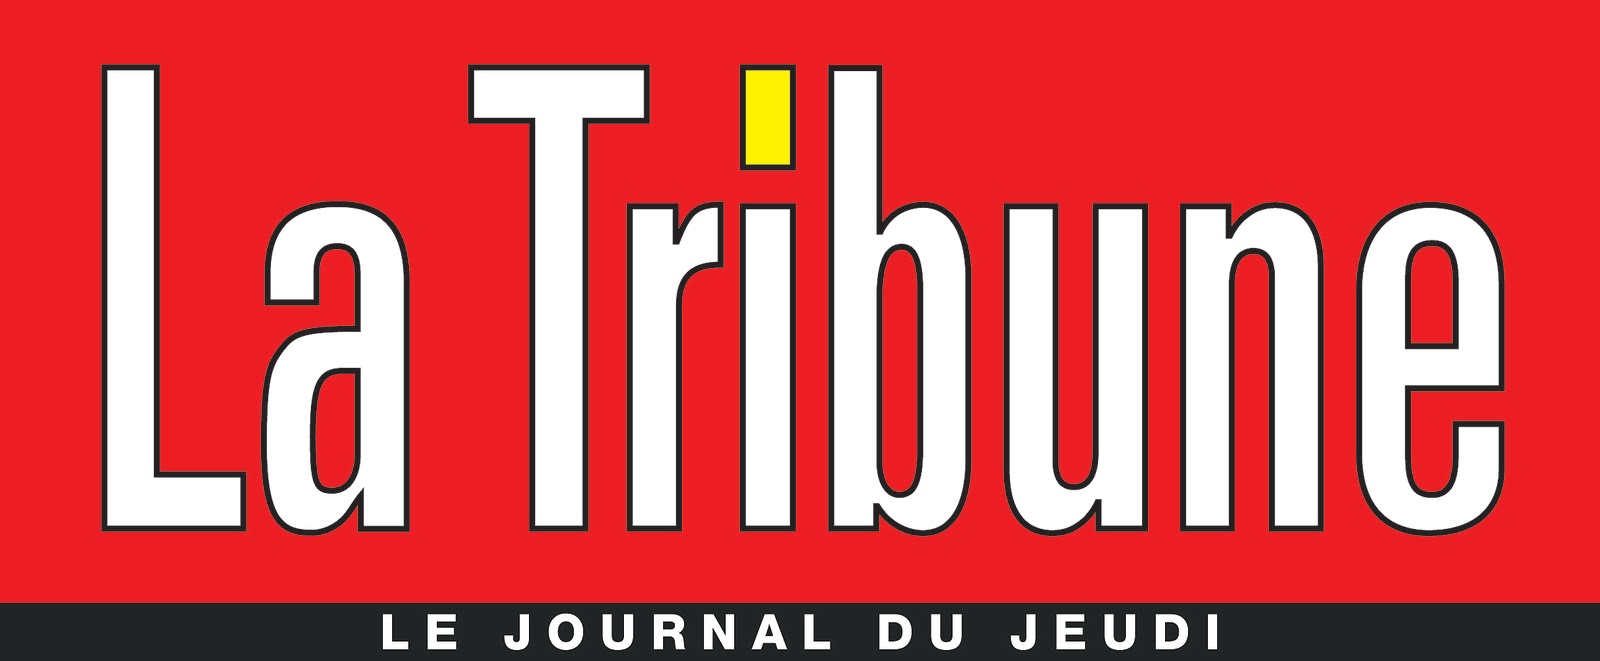 Articles "La Tribune" sur Saint-Remèze du 28 octobre 2021
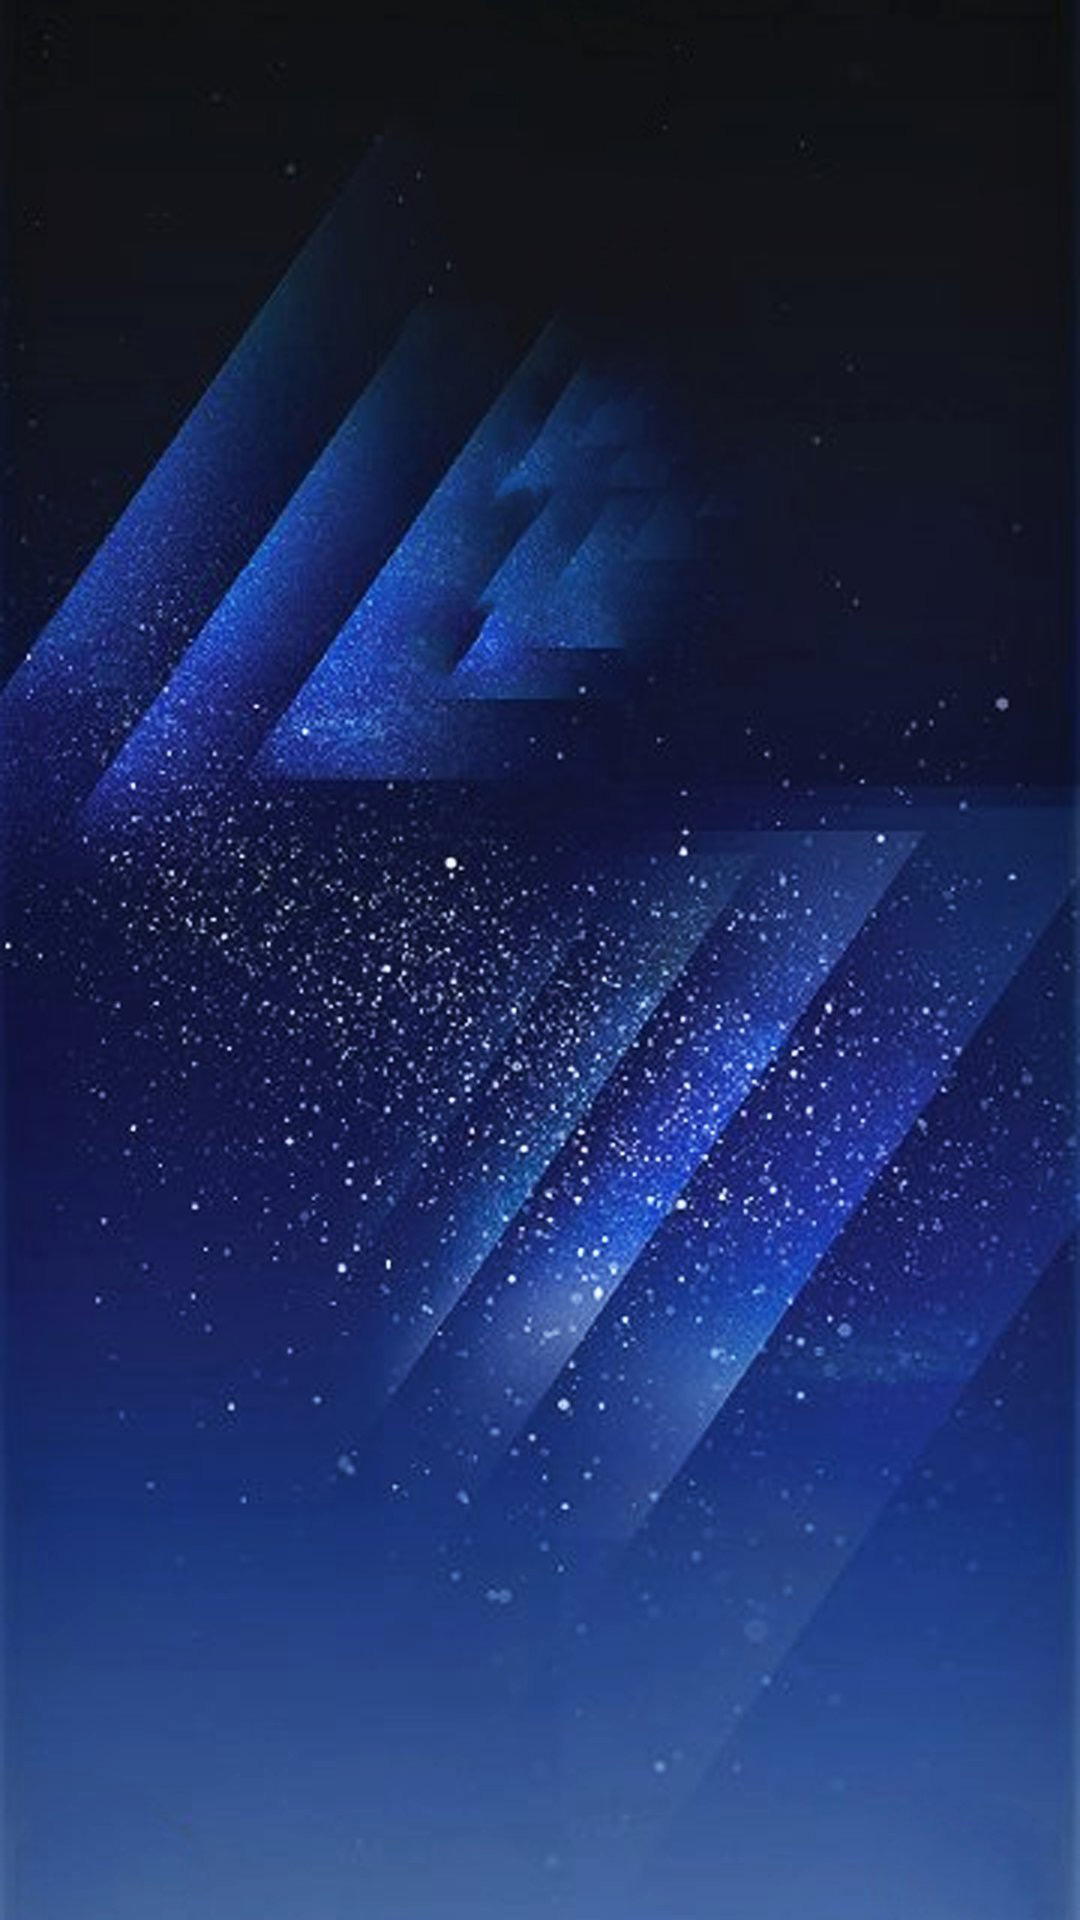 Samsung Galaxy S8 wallpapers en event-poster uitgelekt (download)
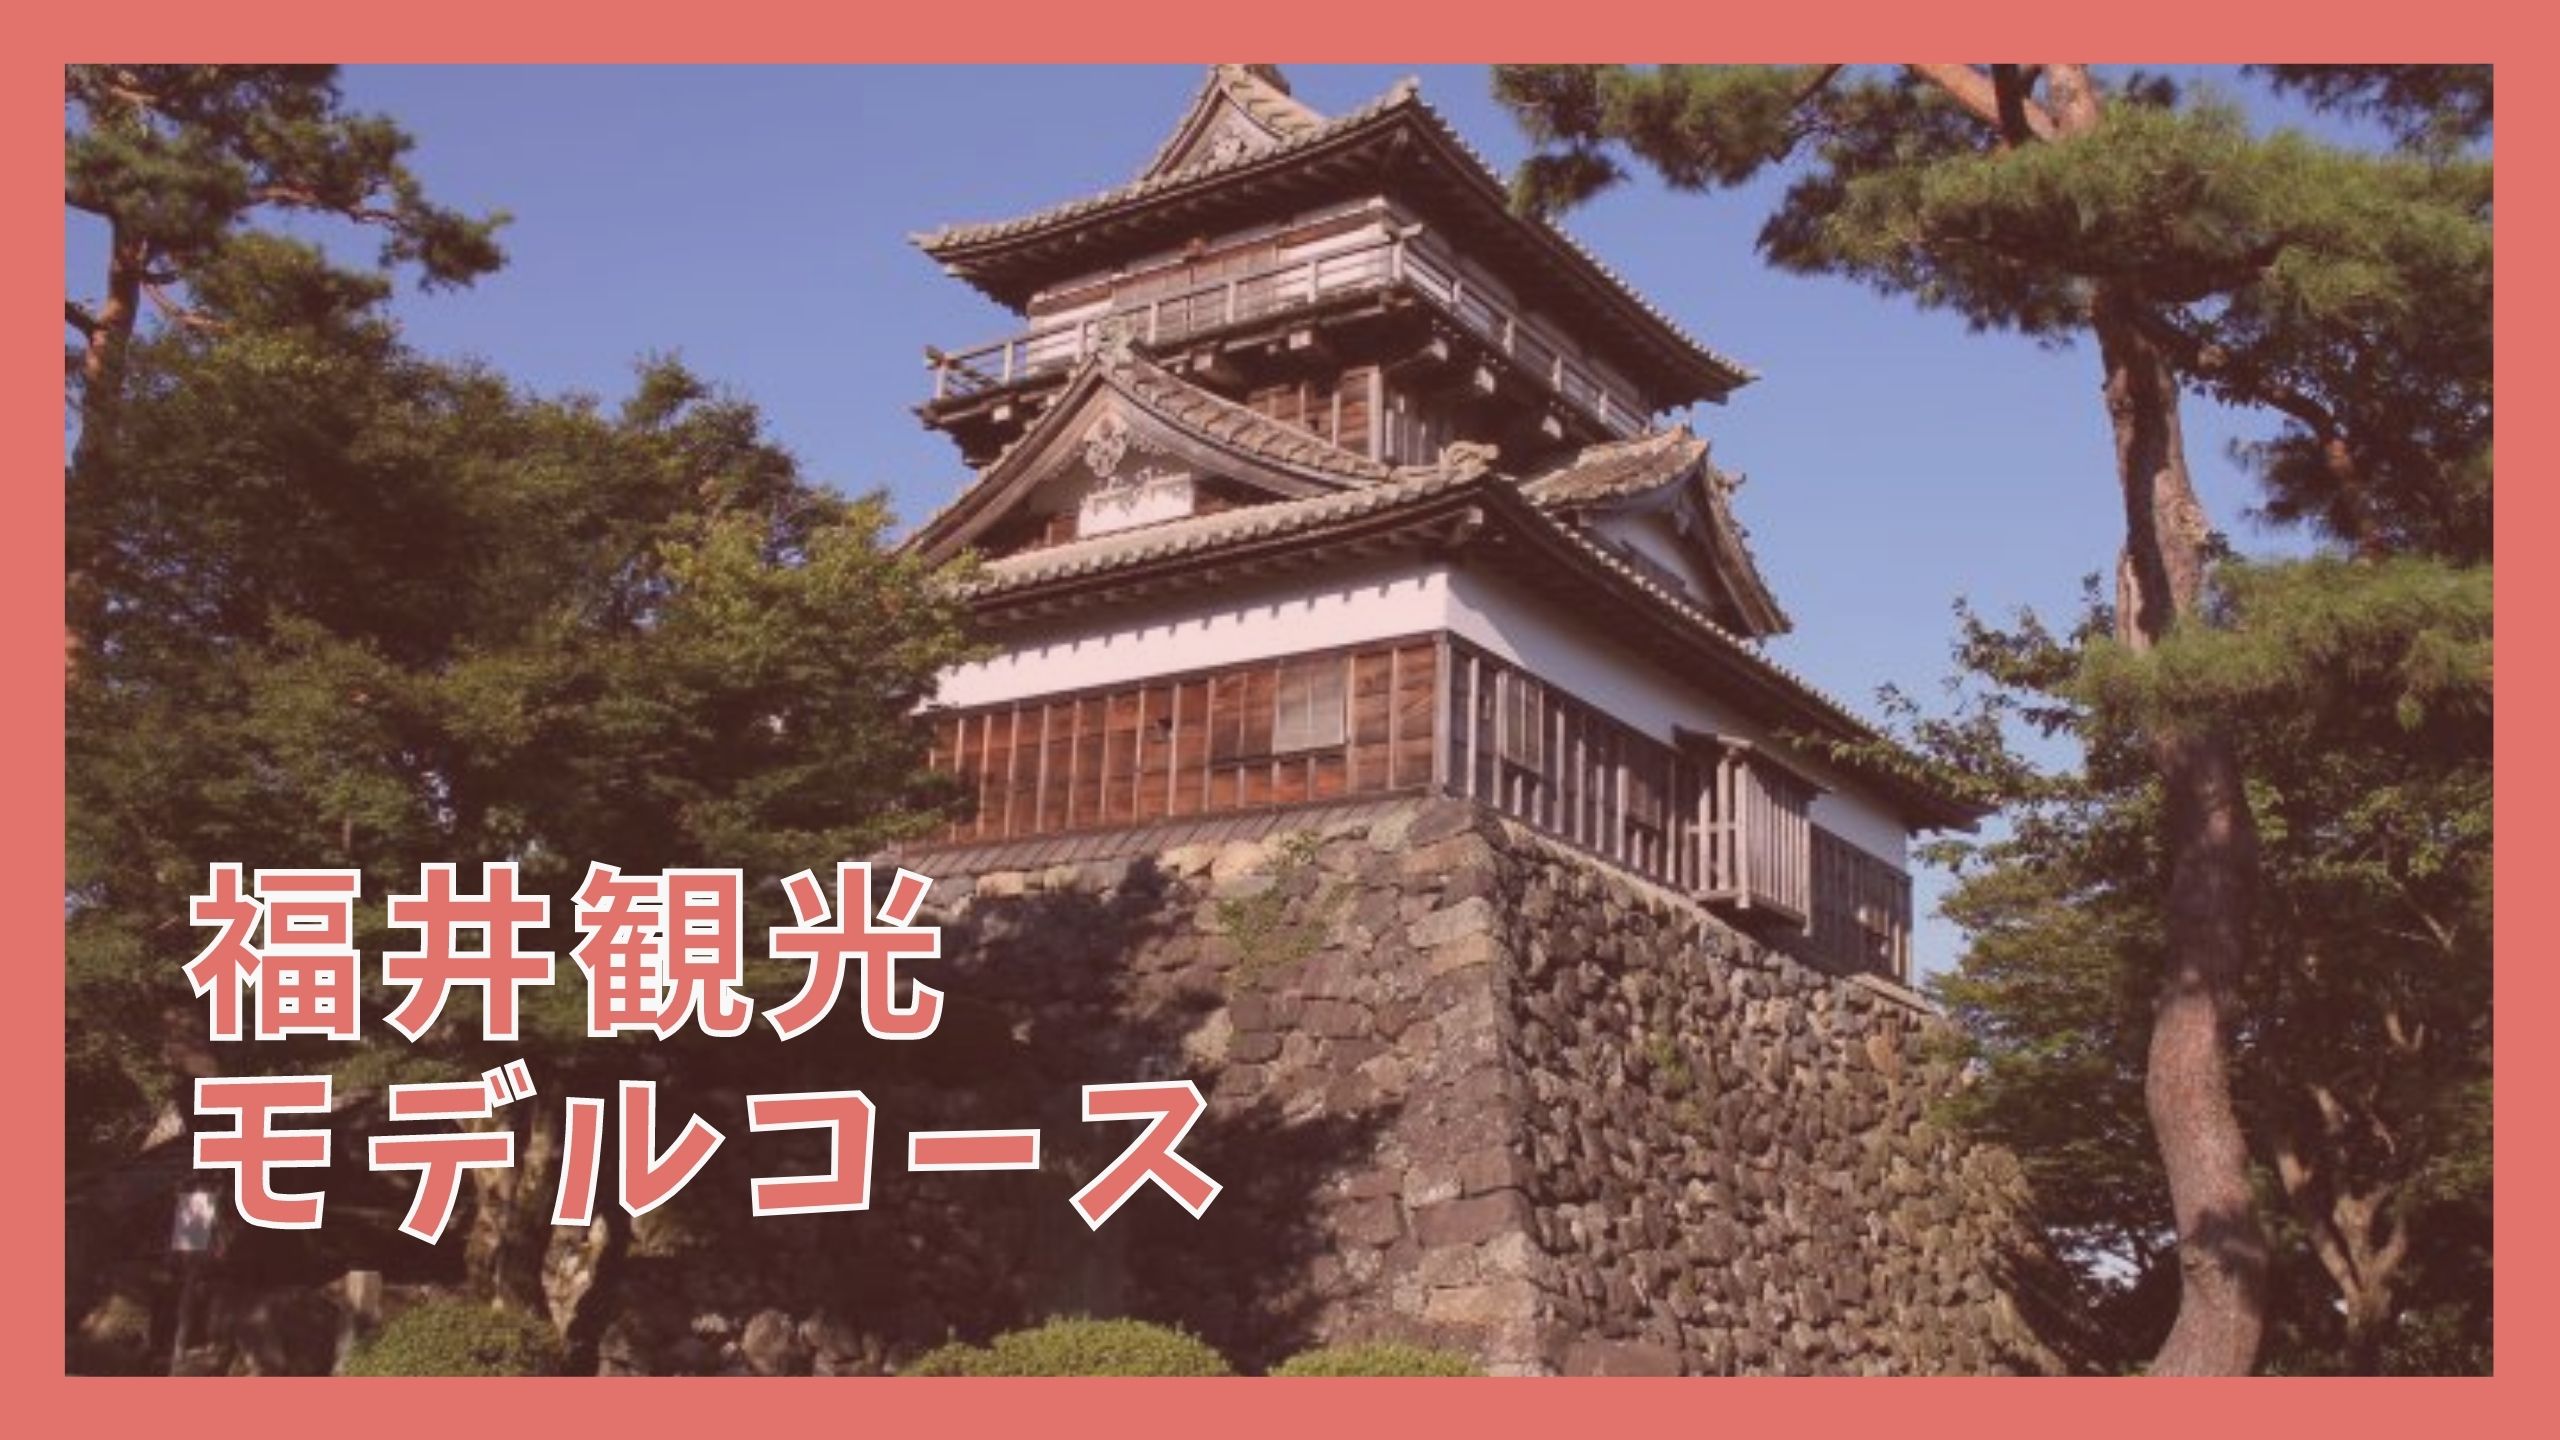 福井観光モデルコース 1泊2日で巡る10の観光名所 ジャパンワンダラー

++++++++

WHAT YOU SHOULD DO -> All lines from the one containing "Samsung Galaxy S8" through the end of the data are to be restated exactly, with nothing else and without the pictures.

EXERCISE SOLUTION ->
 Samsung Galaxy S8 wallpapers en event-poster uitgelekt (download)
 福井観光モデルコース 1泊2日で巡る10の観光名所 ジャパンワンダラー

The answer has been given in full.